Date Prev | Date Next | Date Index | Thread Index | Author Index | Historical

Re: Followup British Telecom outage reason

  • From: Sean Donelan
  • Date: Sat Nov 24 14:17:21 2001

On Sat, 24 Nov 2001, Neil J. McRae wrote:
> I'd be surprised if it was the GSR, and in anycase that doesn't
> absolve anyone. If it was a software issue- why wasn't the software
> properly tested? Why was such a critical upgrade rolled out across
> the entire network at the same time?
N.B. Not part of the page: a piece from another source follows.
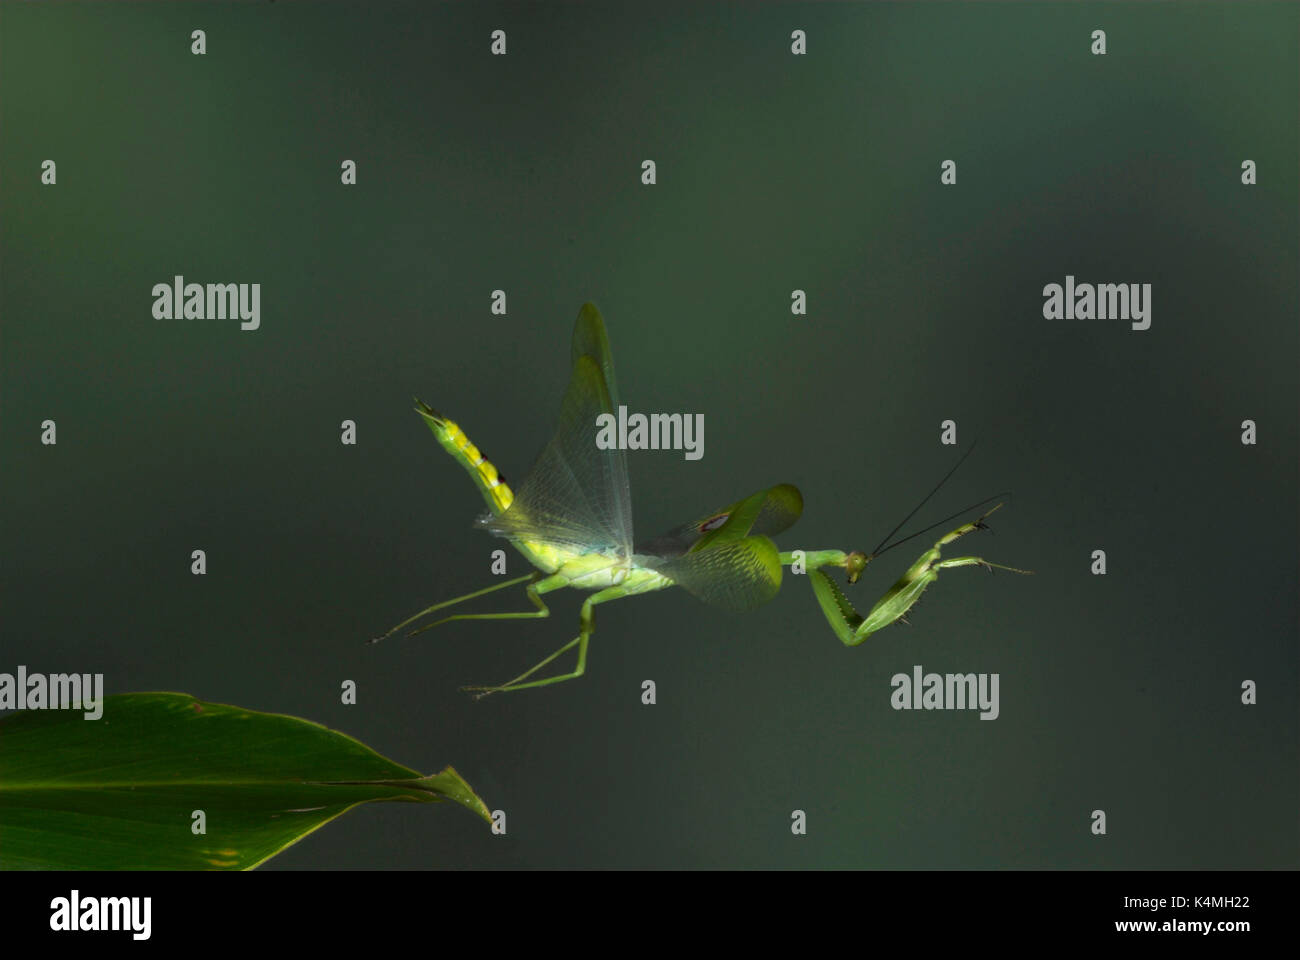 Praying Mantis, in flight, Order: Mantodea, Costa Rica, High Speed Photographic Technique, flying, tropical jungle, green, eye spots on wings, leaping Stock Photo

It doesn't add up.

It appears to be yet another CEF bug.  If you want to use a GSR
you are stuck using some version of IOS with a CEF bug.  The
question is which bug do you want.  Each version of IOS has
a slightly different set.  Several US network providers have also
been bitten by CEF bugs too.

While trying to fix one set of bugs, BT upgraded of their network.
I'm not sure if they were upgrading at 9am in the morning, or had
upgraded earlier and the bug finally came out under load at 9am.
When the BT network melted down, Cisco suggested installing a
different version of IOS, which had previously been tested.  At
noon, BT found the new version had an even worse bug, sending packets
out the wrong interface.  It was until 2200 (13 hours later), BT and
Cisco found a version of IOS which stablized the network.  "Stablized"
not fixed.  The running version of IOS still has a bug, but it isn't
as severe.